■ PROBLEM STATEMENT
Nothing but the lines below from the one with "The Modern and" through the one with "Ornamental gourds and" should be output, each exactly as given, and no pictures.

■ GIVEN INFORMATION
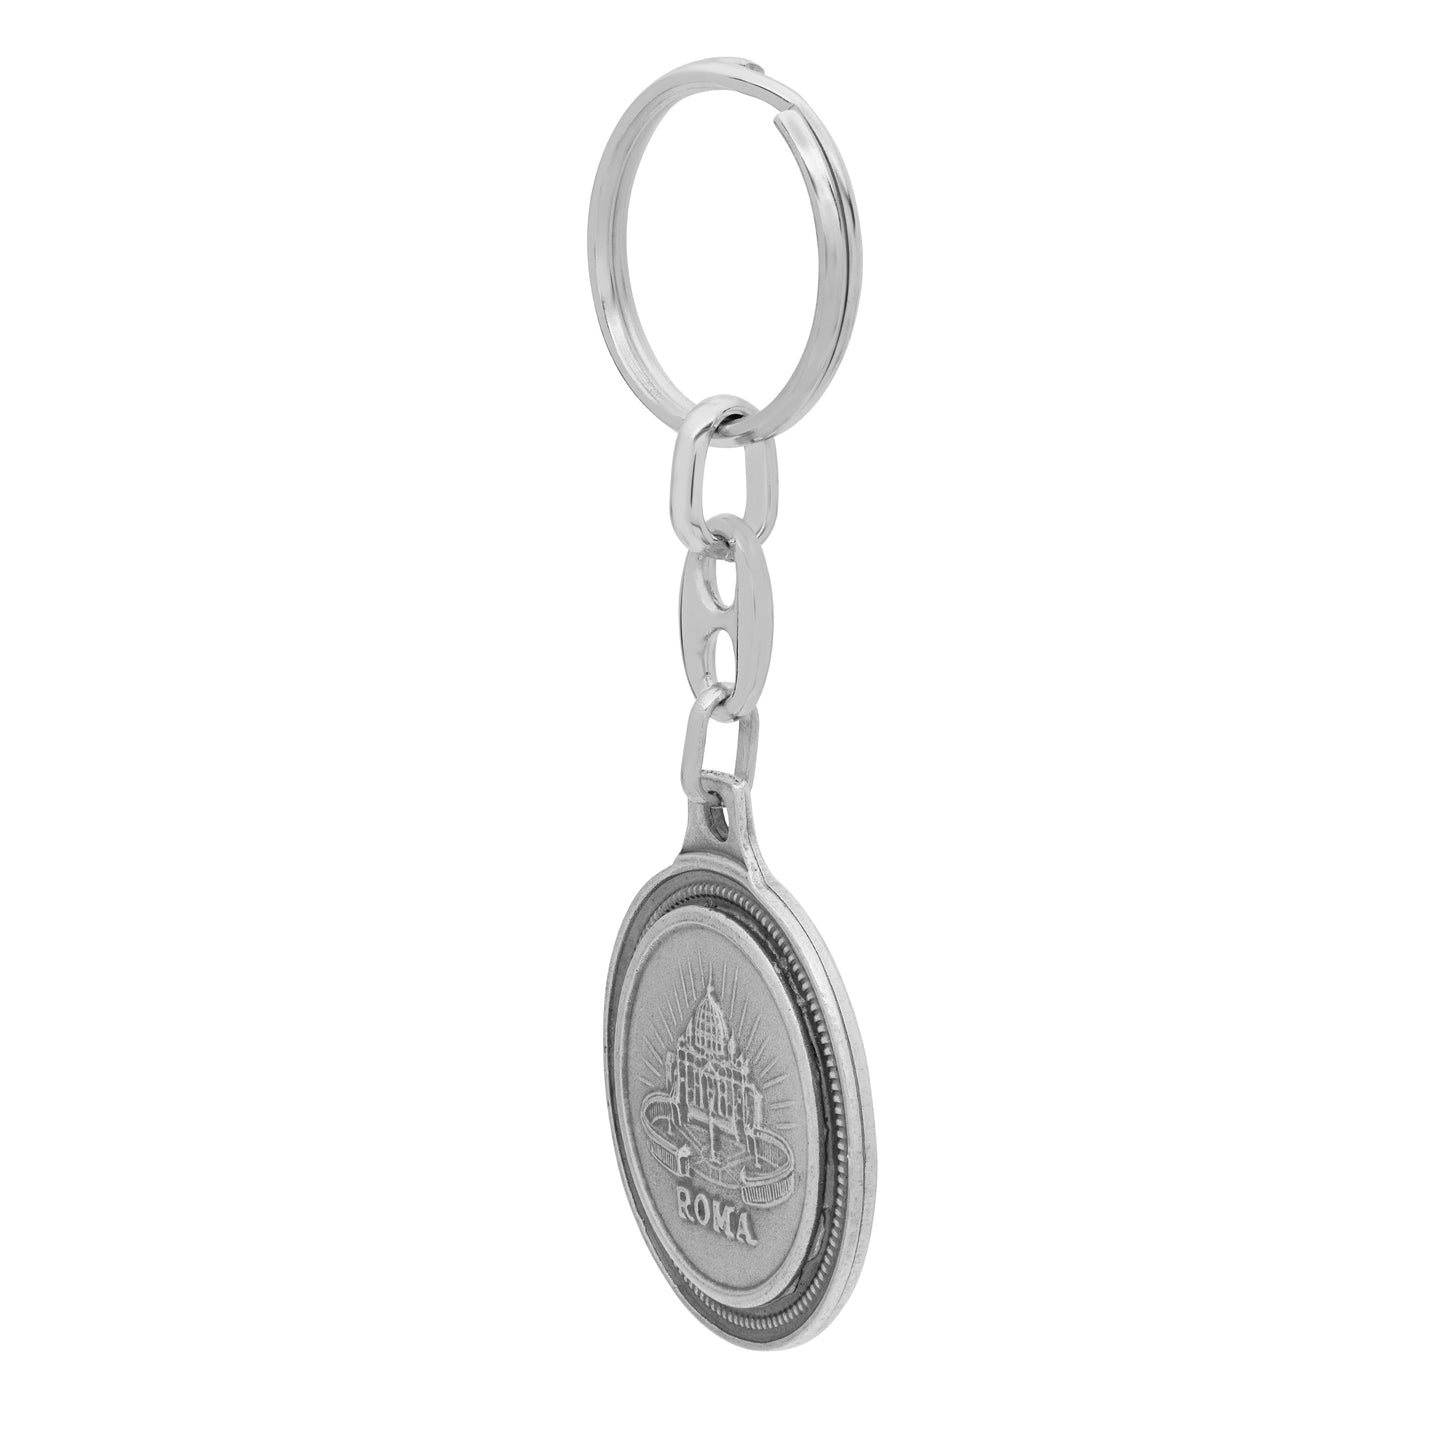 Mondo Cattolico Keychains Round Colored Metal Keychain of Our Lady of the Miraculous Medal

--

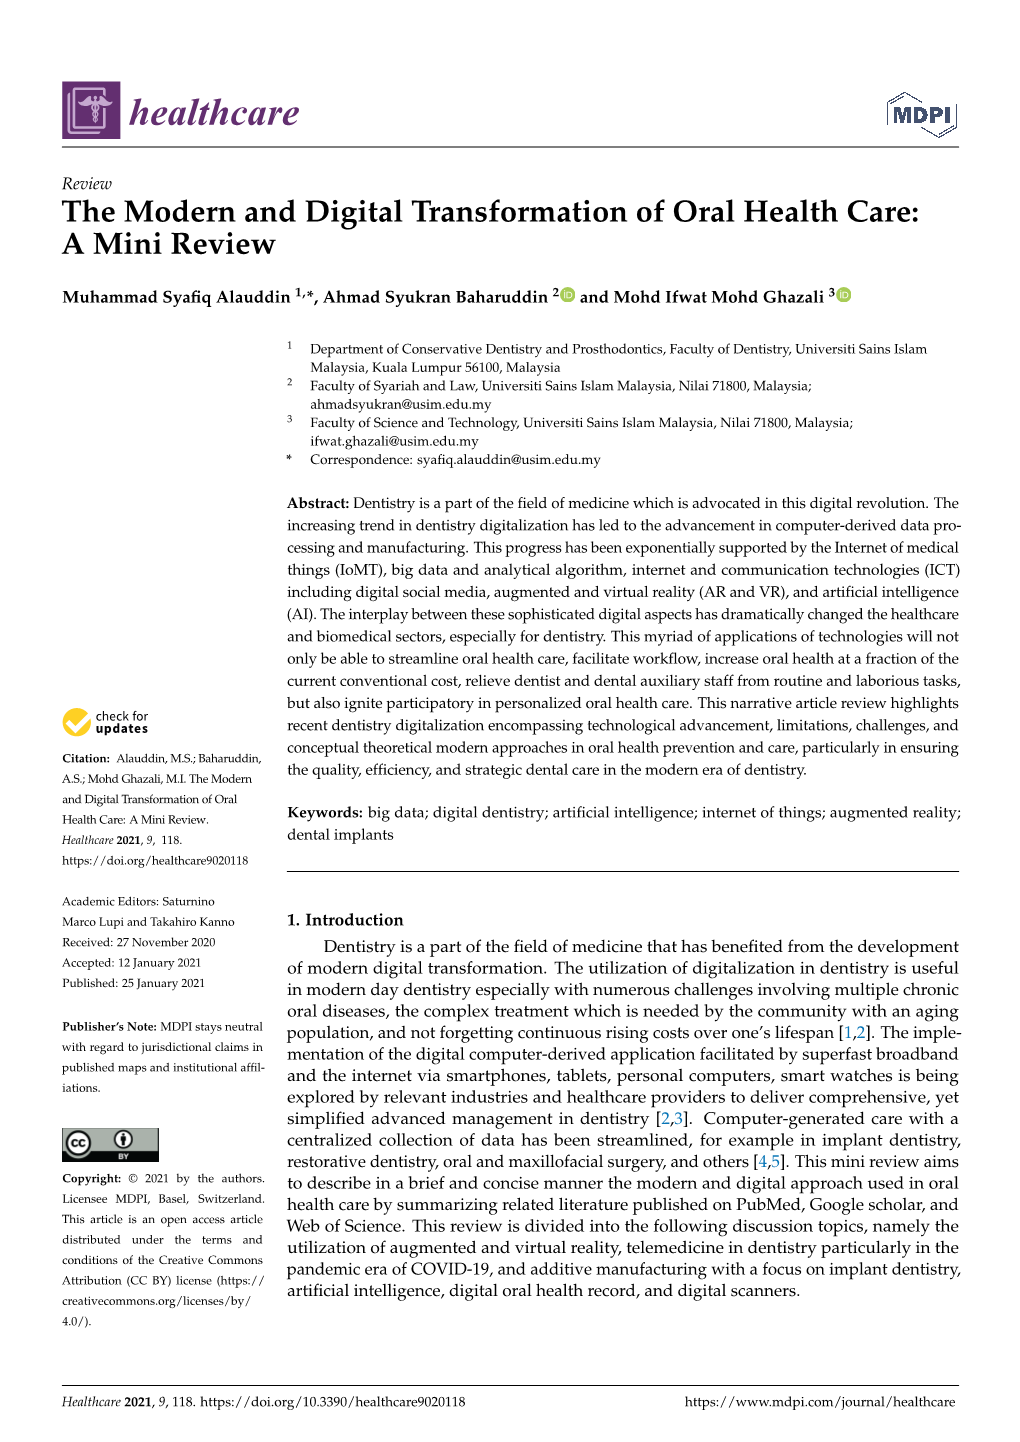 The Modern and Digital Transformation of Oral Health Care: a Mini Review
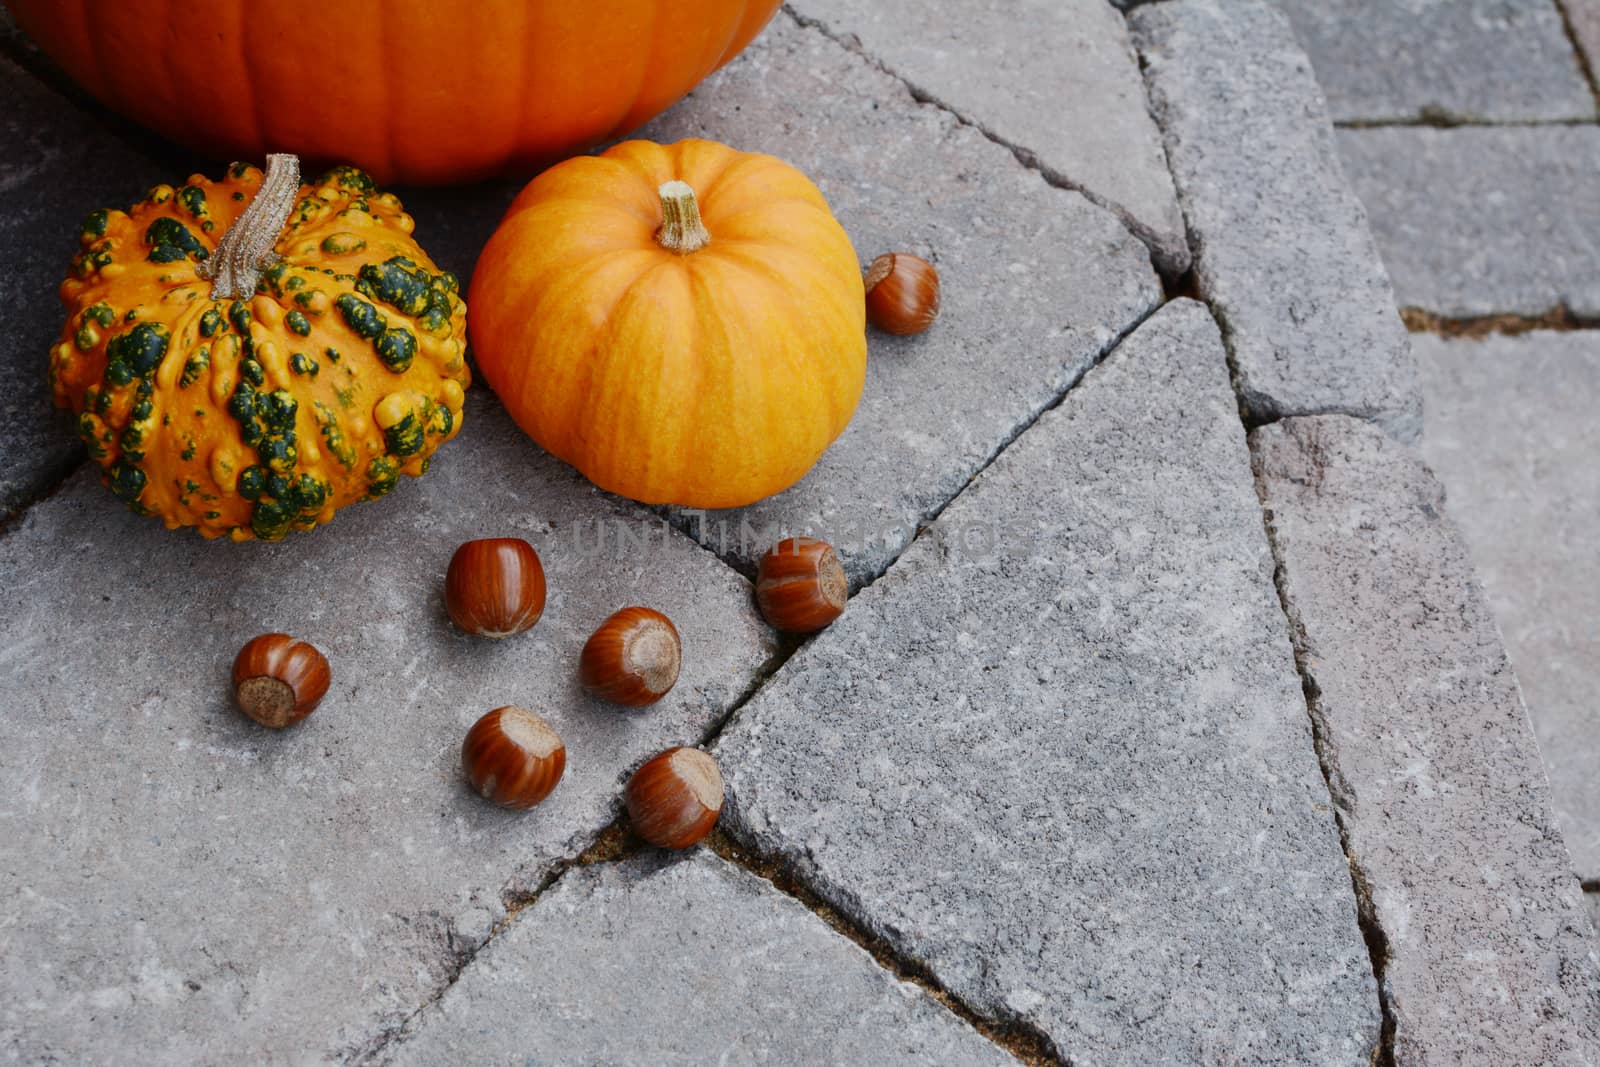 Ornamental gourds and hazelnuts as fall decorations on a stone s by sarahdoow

■ ANSWER FOR THIS EXERCISE
 The Modern and Digital Transformation of Oral Health Care: a Mini Review
 Ornamental gourds and hazelnuts as fall decorations on a stone s by sarahdoow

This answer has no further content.